* _BRIEF_: The stretch from the line with "Disney Frozen2 Fabric Storage Bin With Stool" through the line with "Real Gold Tone" in the records below: write it out exactly, and nothing else.

* _PROVIDED MATERIAL_:
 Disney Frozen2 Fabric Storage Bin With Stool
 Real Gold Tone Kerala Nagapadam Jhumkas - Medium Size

...

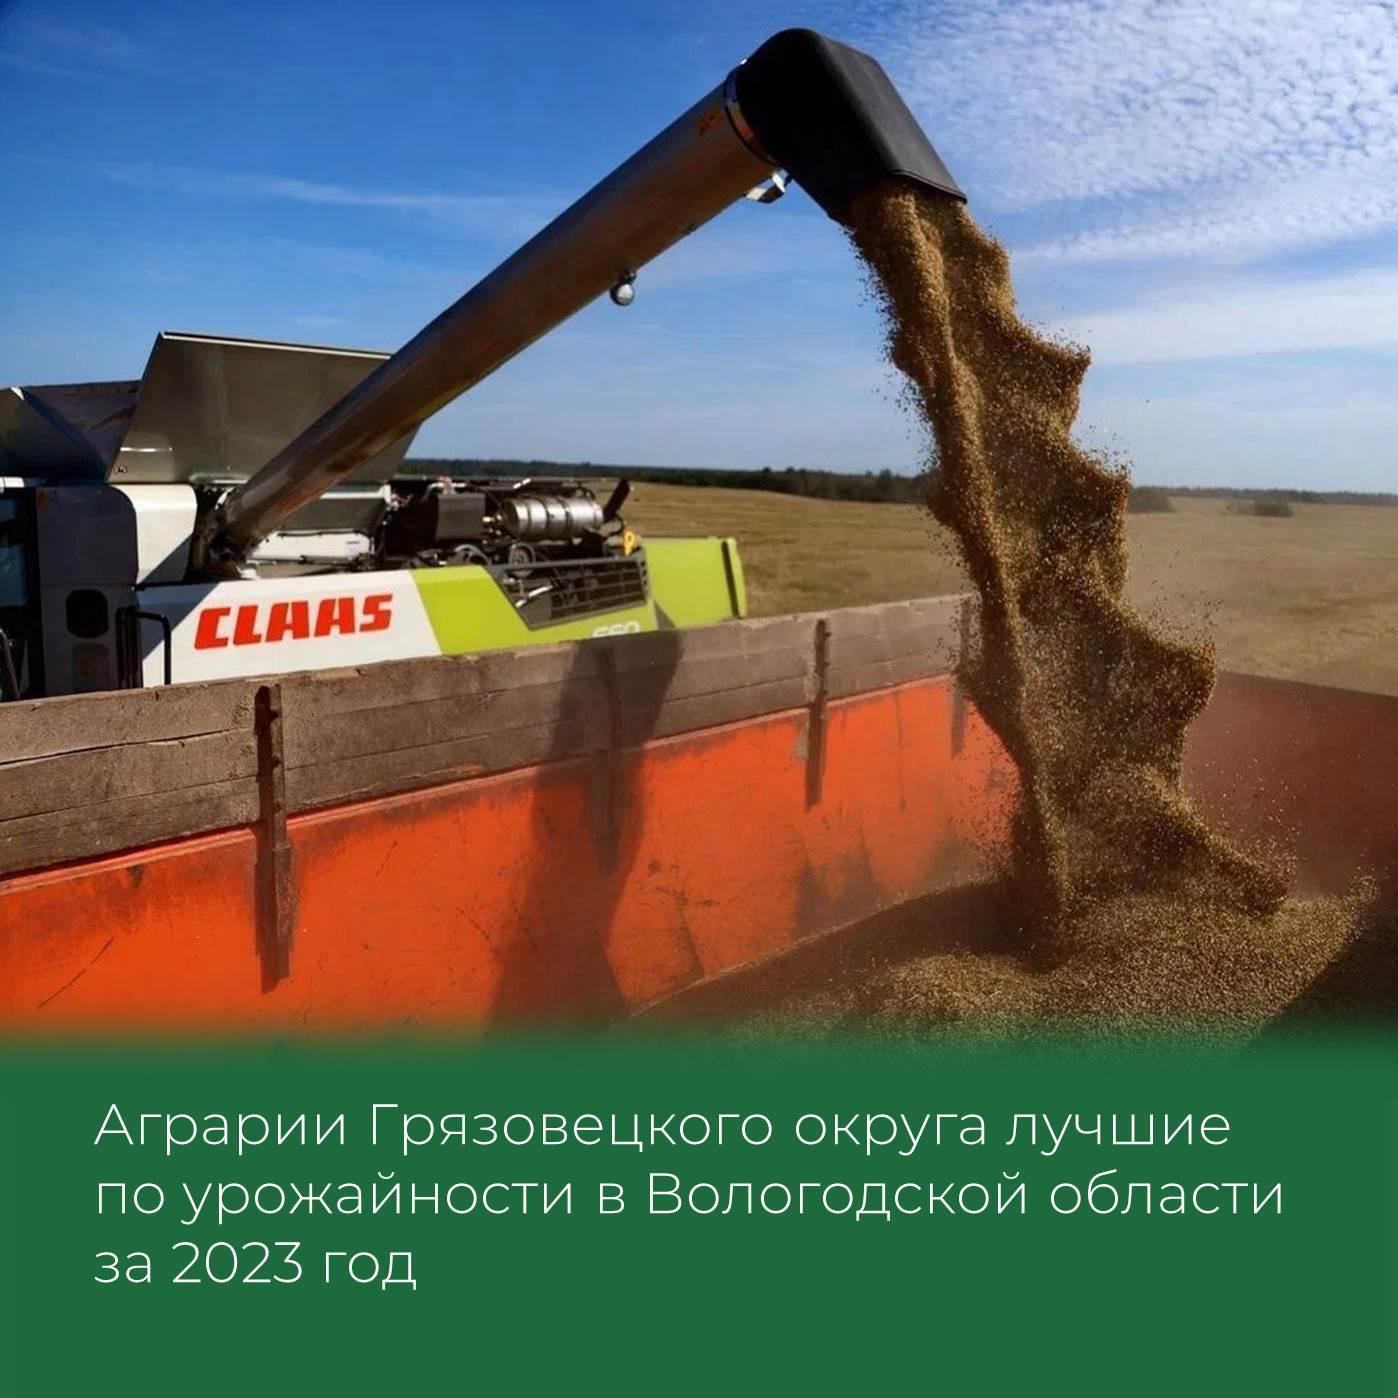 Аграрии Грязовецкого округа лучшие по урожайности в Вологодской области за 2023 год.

* _RESPONSE BOX_:
 Disney Frozen2 Fabric Storage Bin With Stool
 Real Gold Tone Kerala Nagapadam Jhumkas - Medium Size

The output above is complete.